_Task prompt_. Under this line is some data; print exactly the lines from the one containing "Carolina Sanchez 2020" through its last line, without pictures.

_Collected data_.
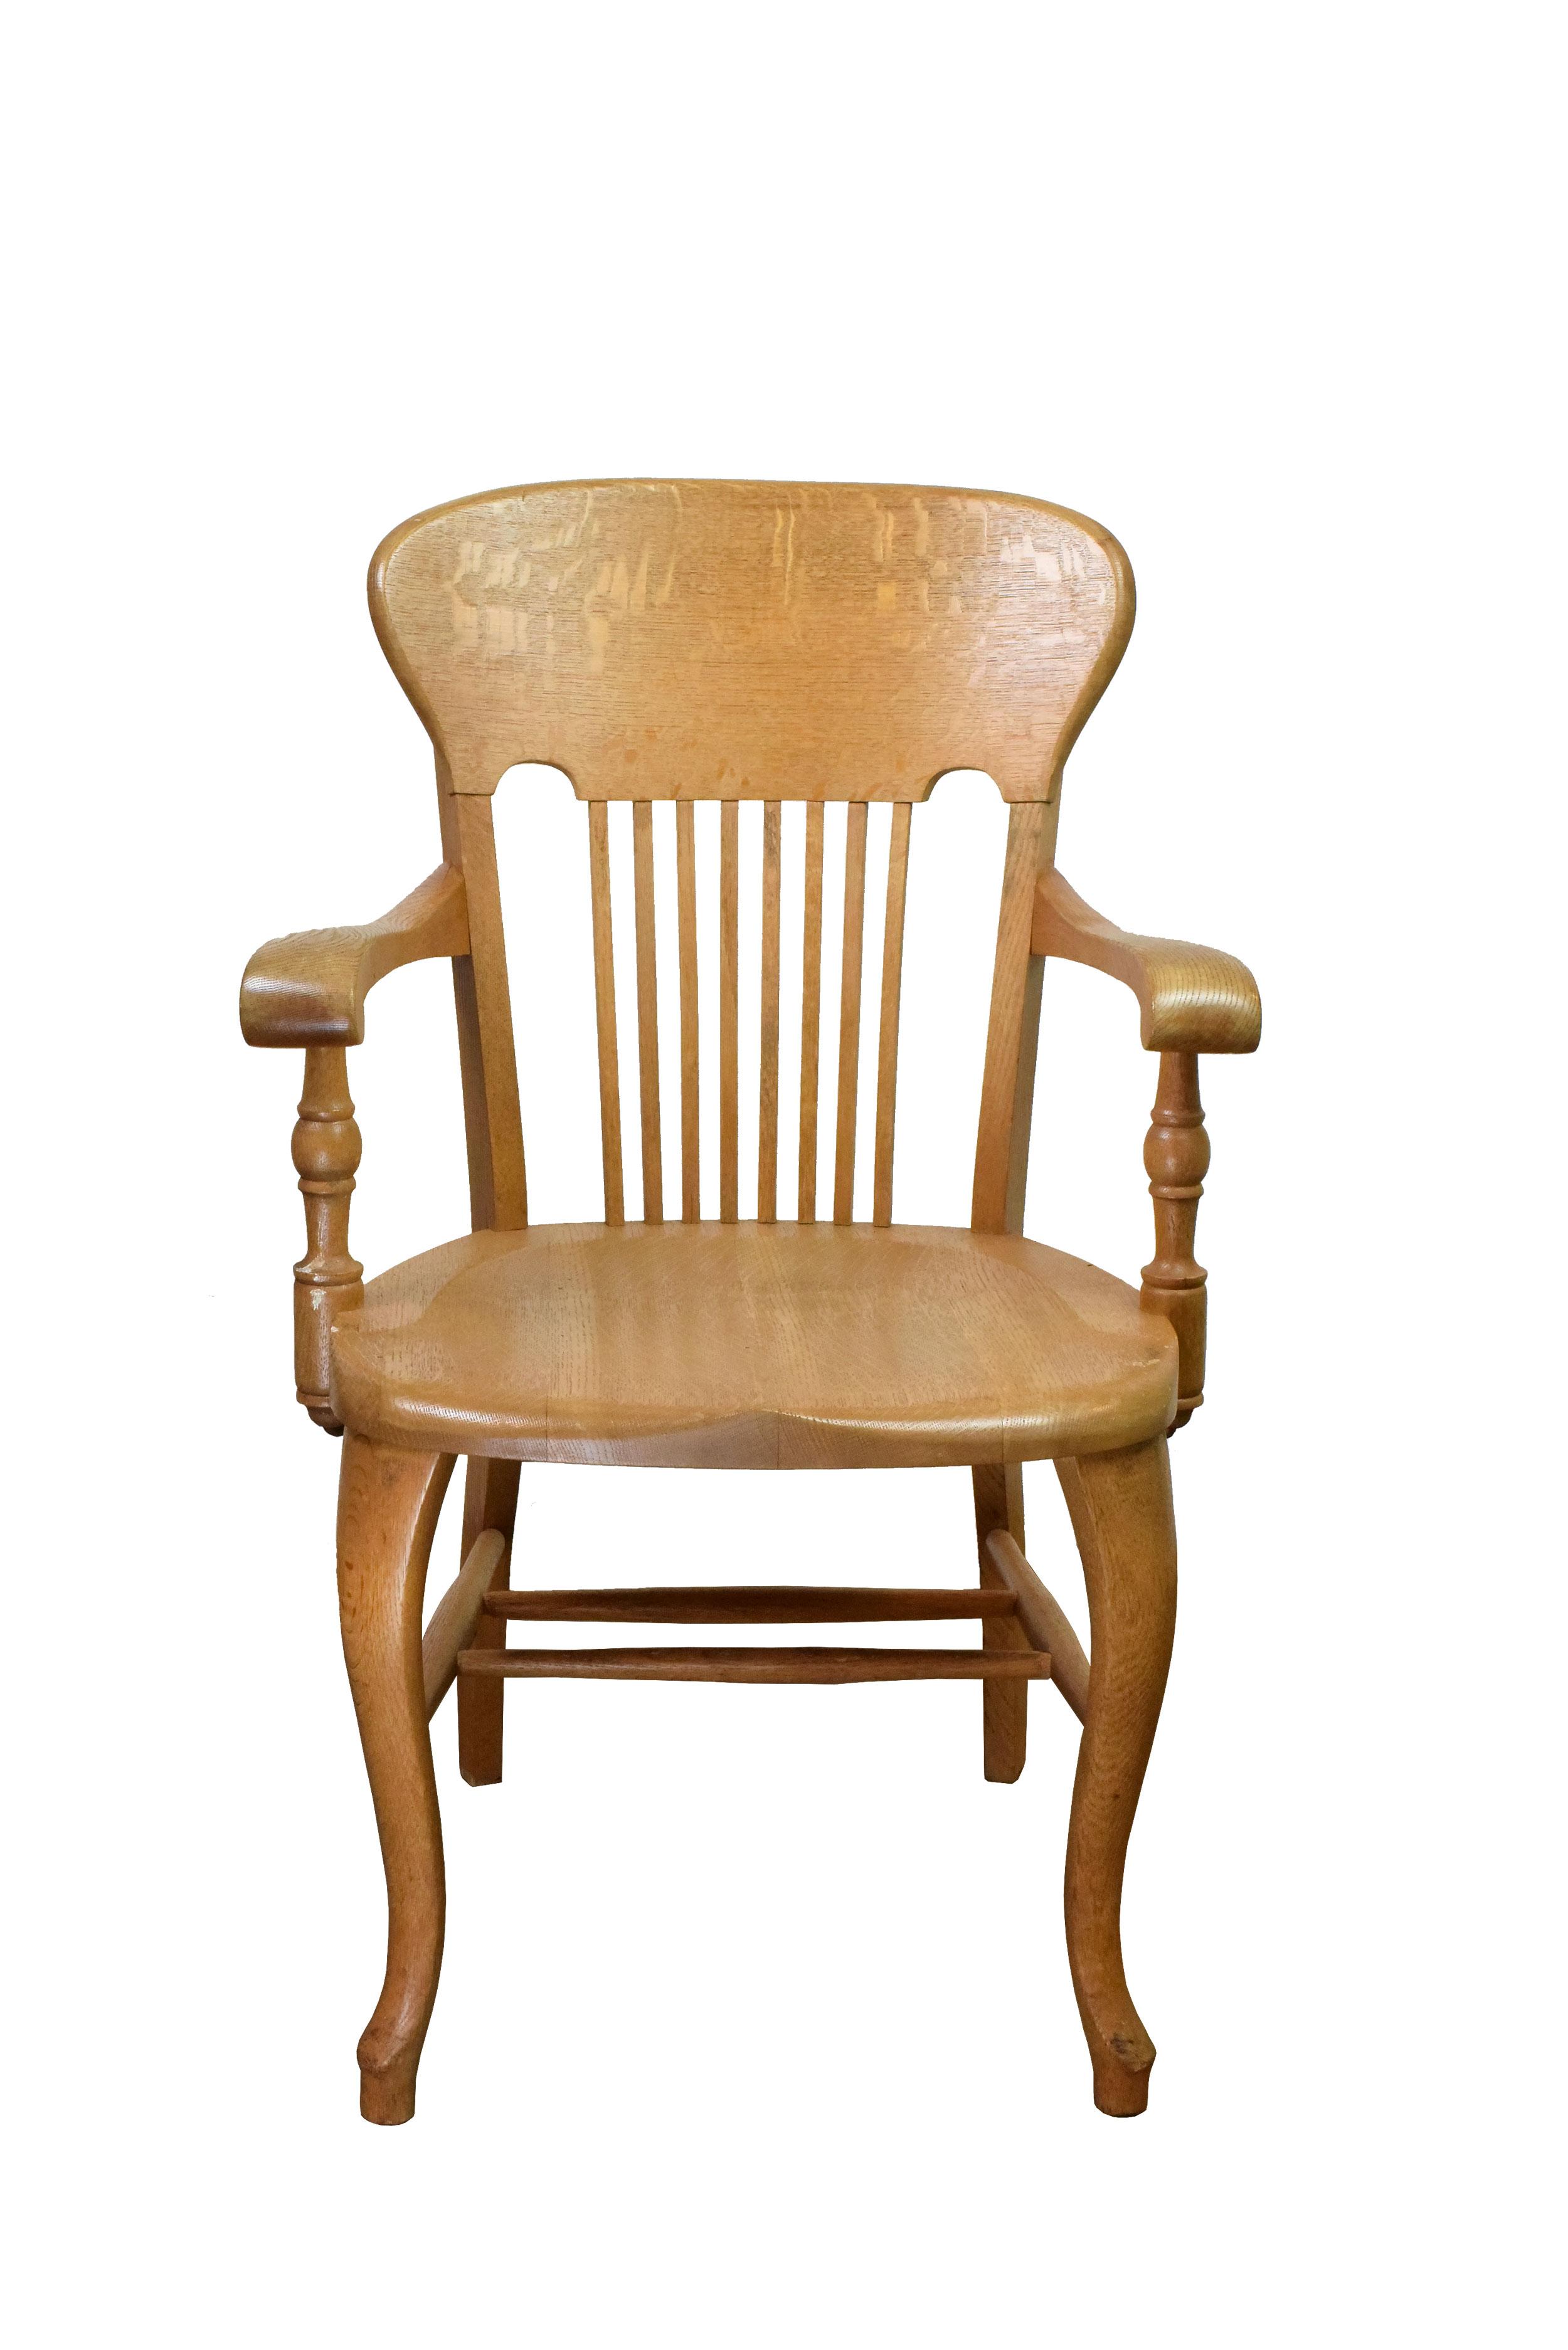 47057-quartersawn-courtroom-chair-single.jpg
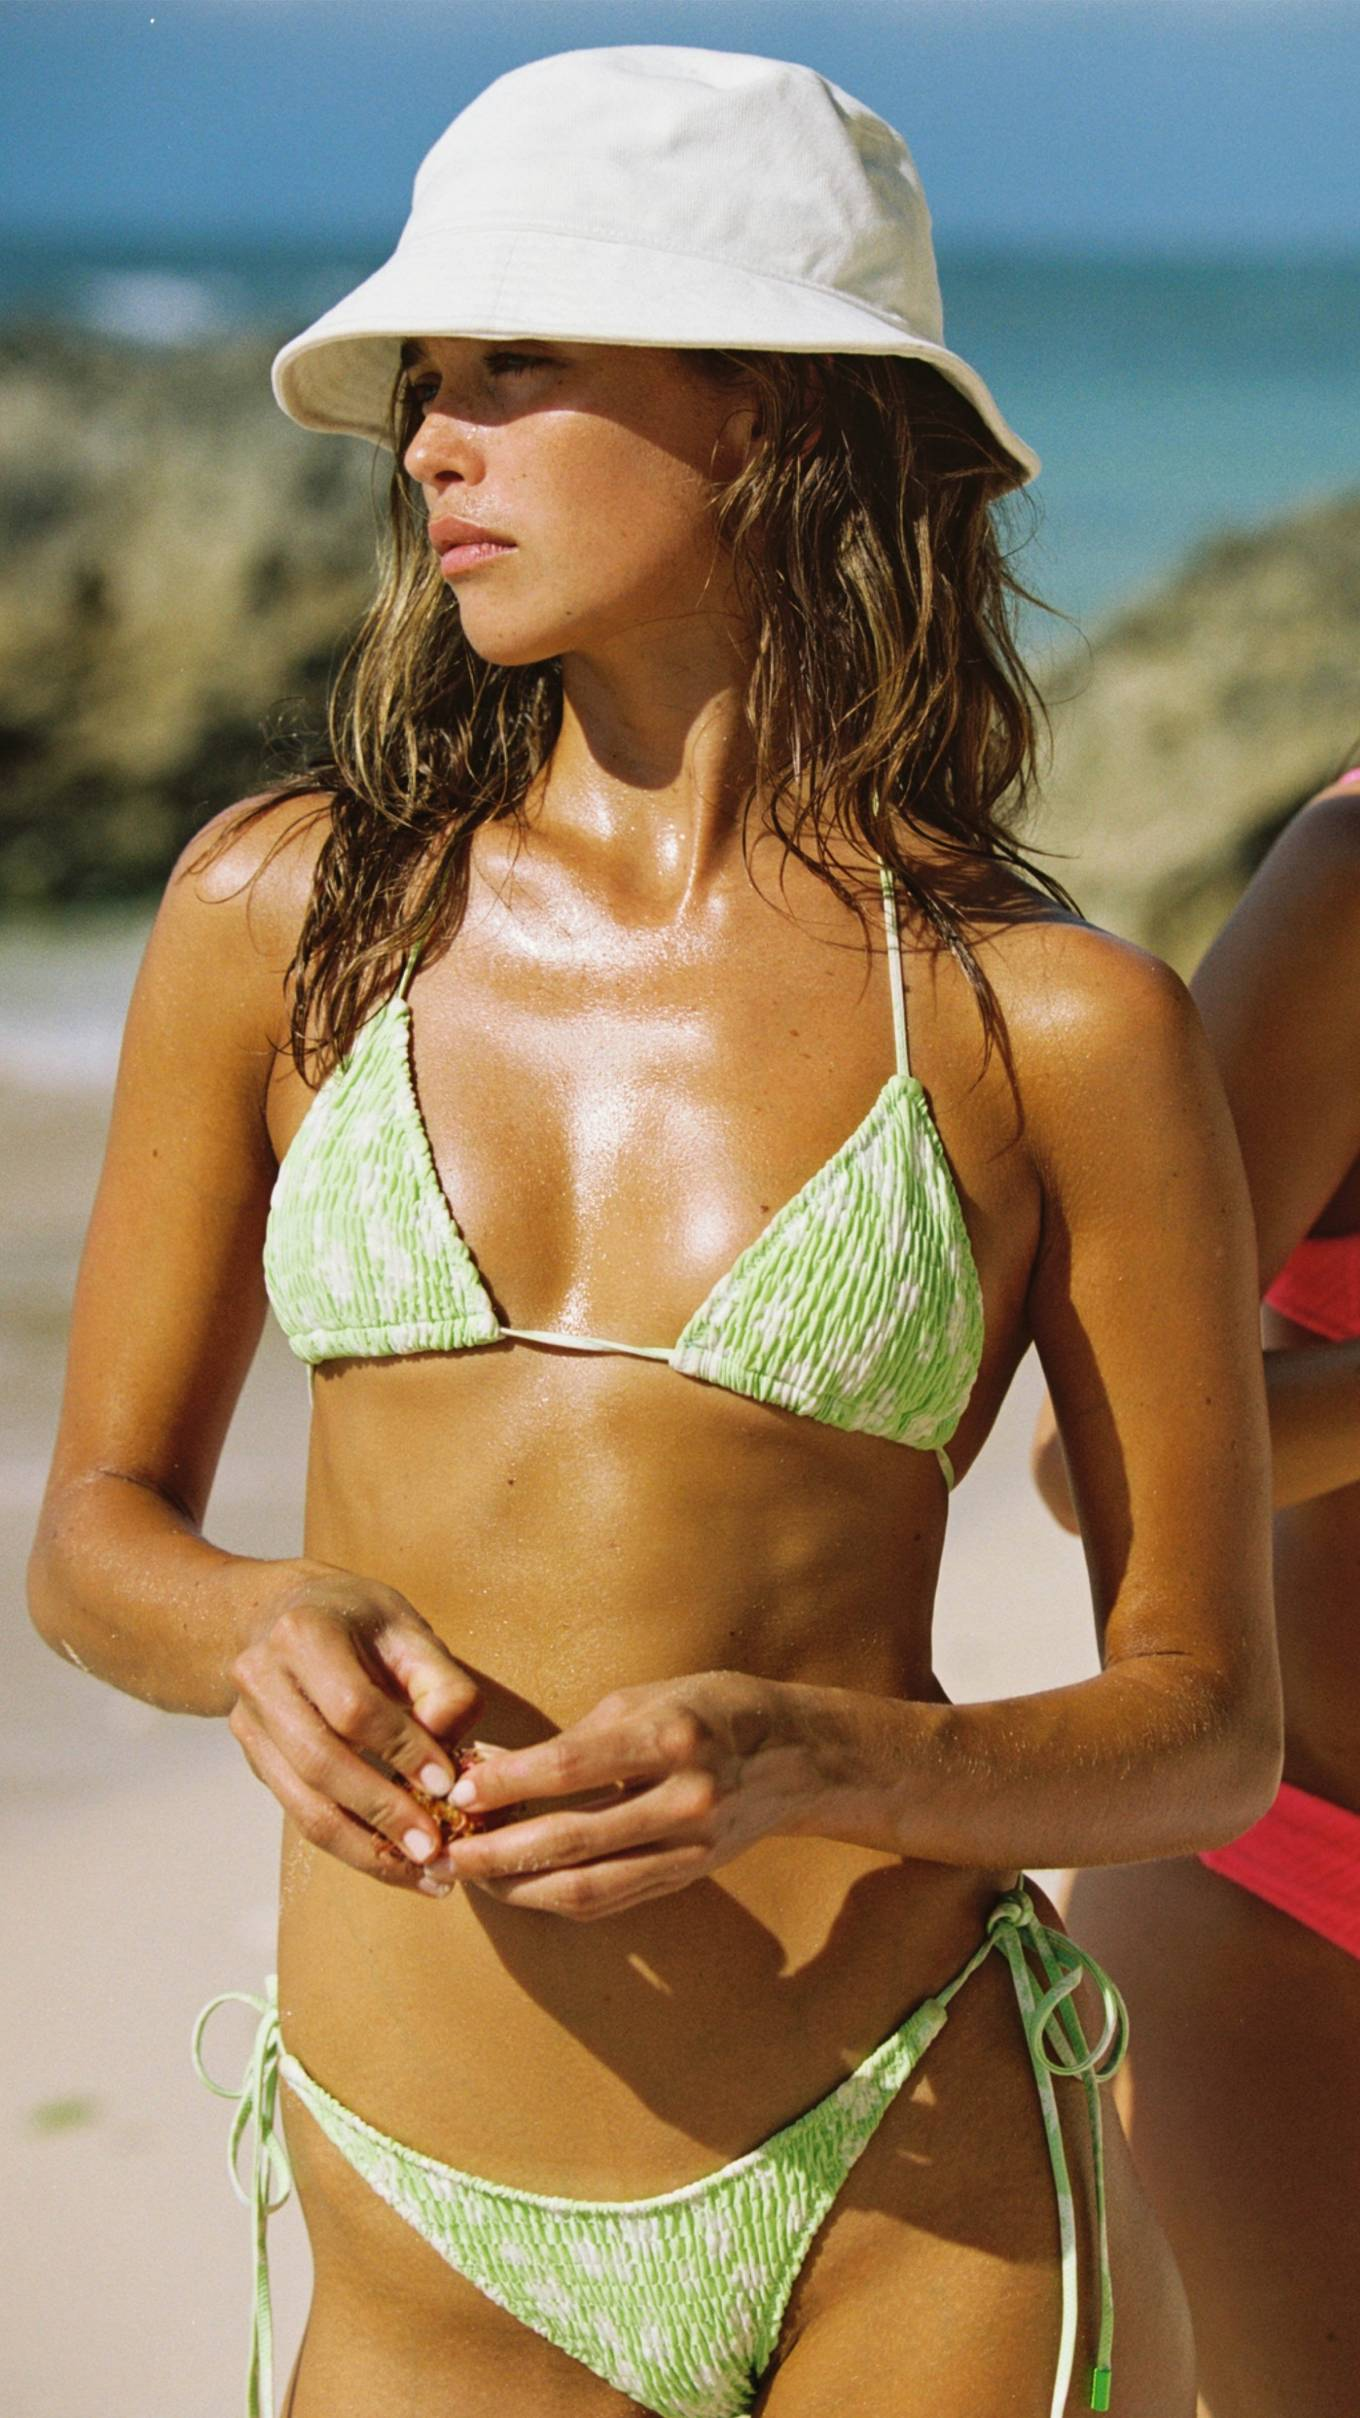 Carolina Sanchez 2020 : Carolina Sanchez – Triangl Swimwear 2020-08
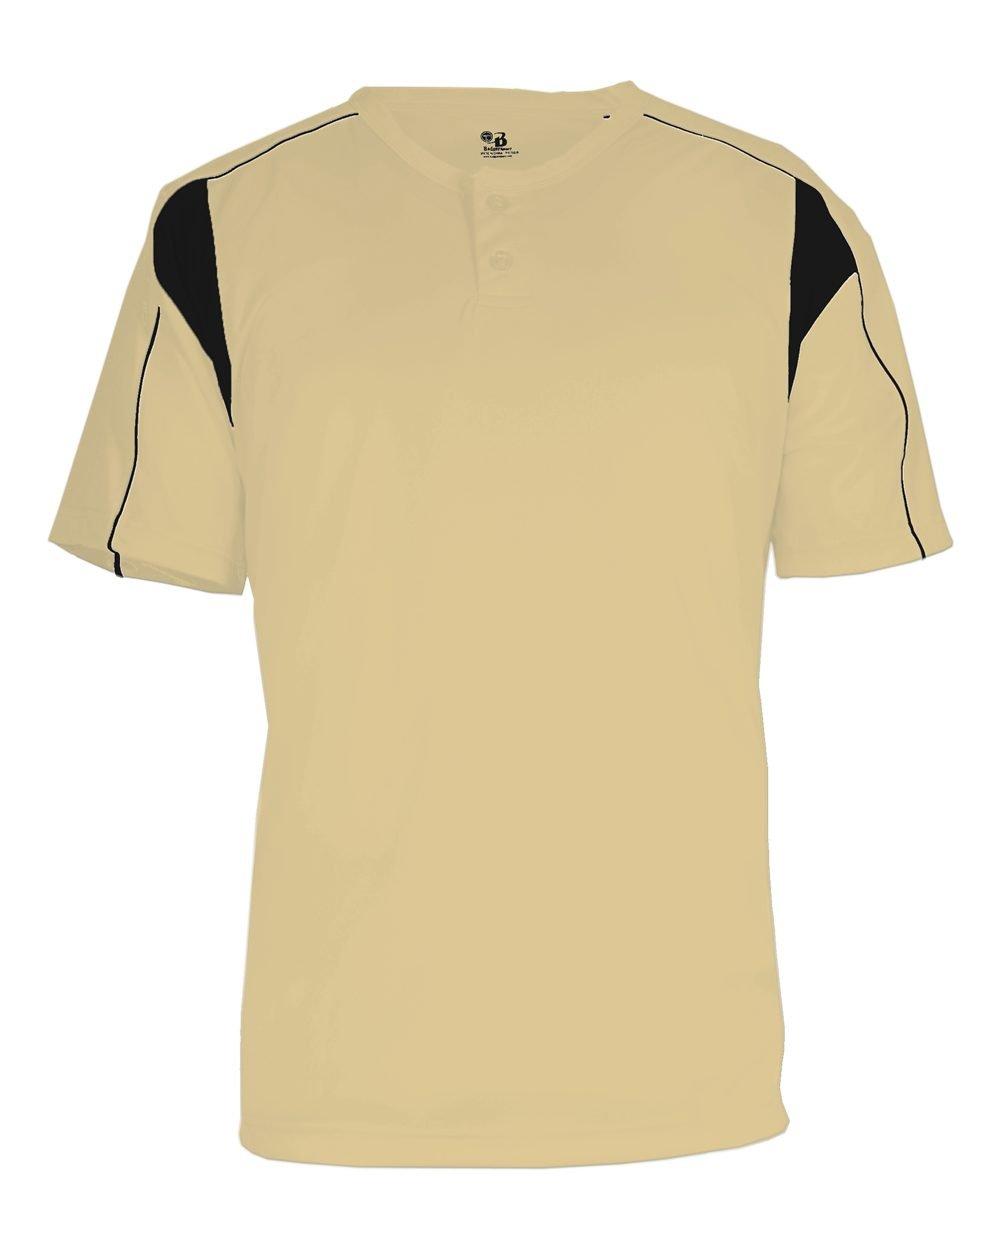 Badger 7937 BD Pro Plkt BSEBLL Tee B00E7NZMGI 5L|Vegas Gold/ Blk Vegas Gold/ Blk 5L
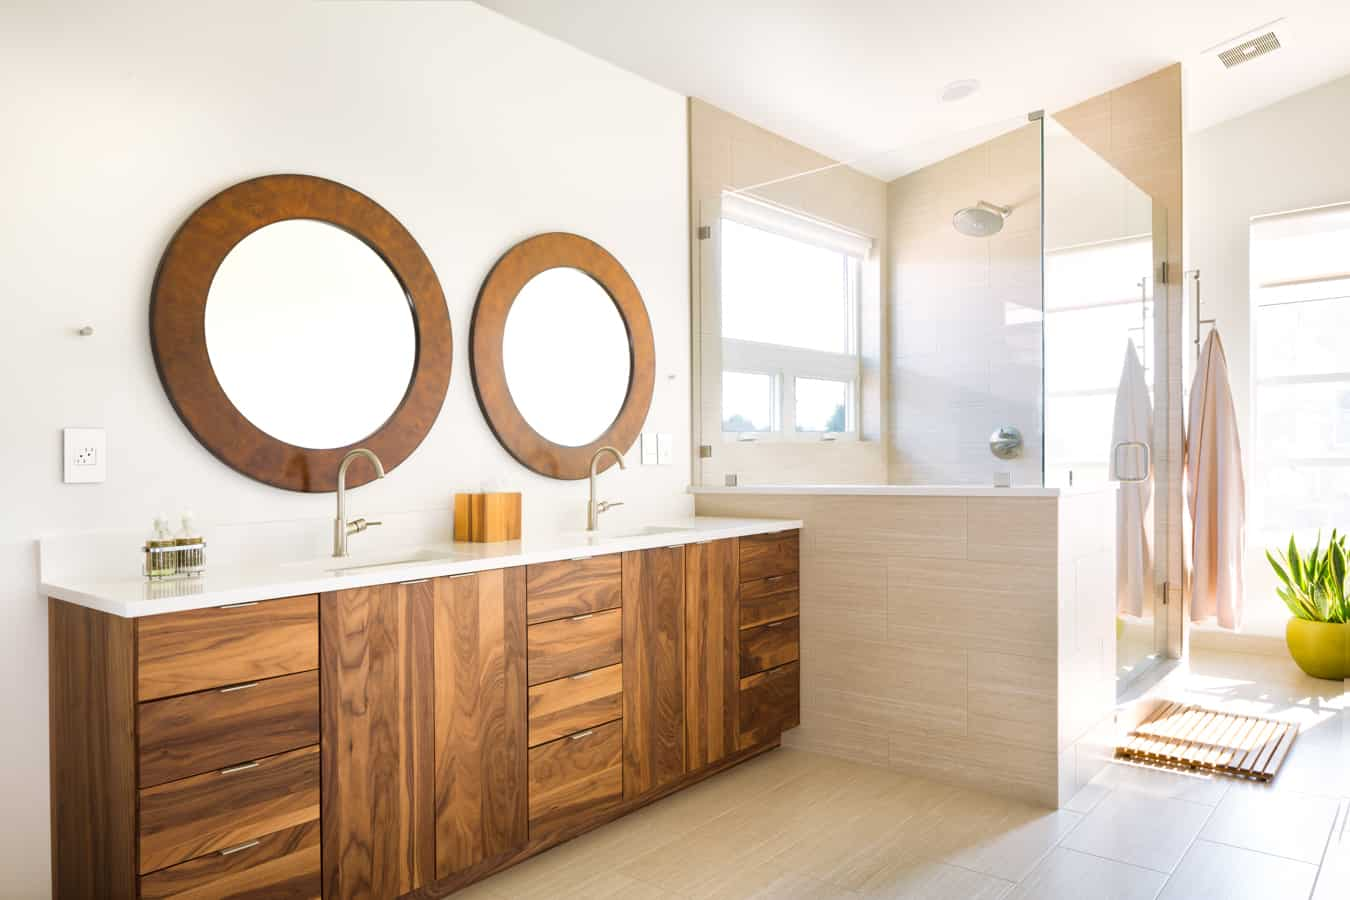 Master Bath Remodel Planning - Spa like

_Solution_.
 Carolina Sanchez 2020 : Carolina Sanchez – Triangl Swimwear 2020-08
 Badger 7937 BD Pro Plkt BSEBLL Tee B00E7NZMGI 5L|Vegas Gold/ Blk Vegas Gold/ Blk 5L
 Master Bath Remodel Planning - Spa like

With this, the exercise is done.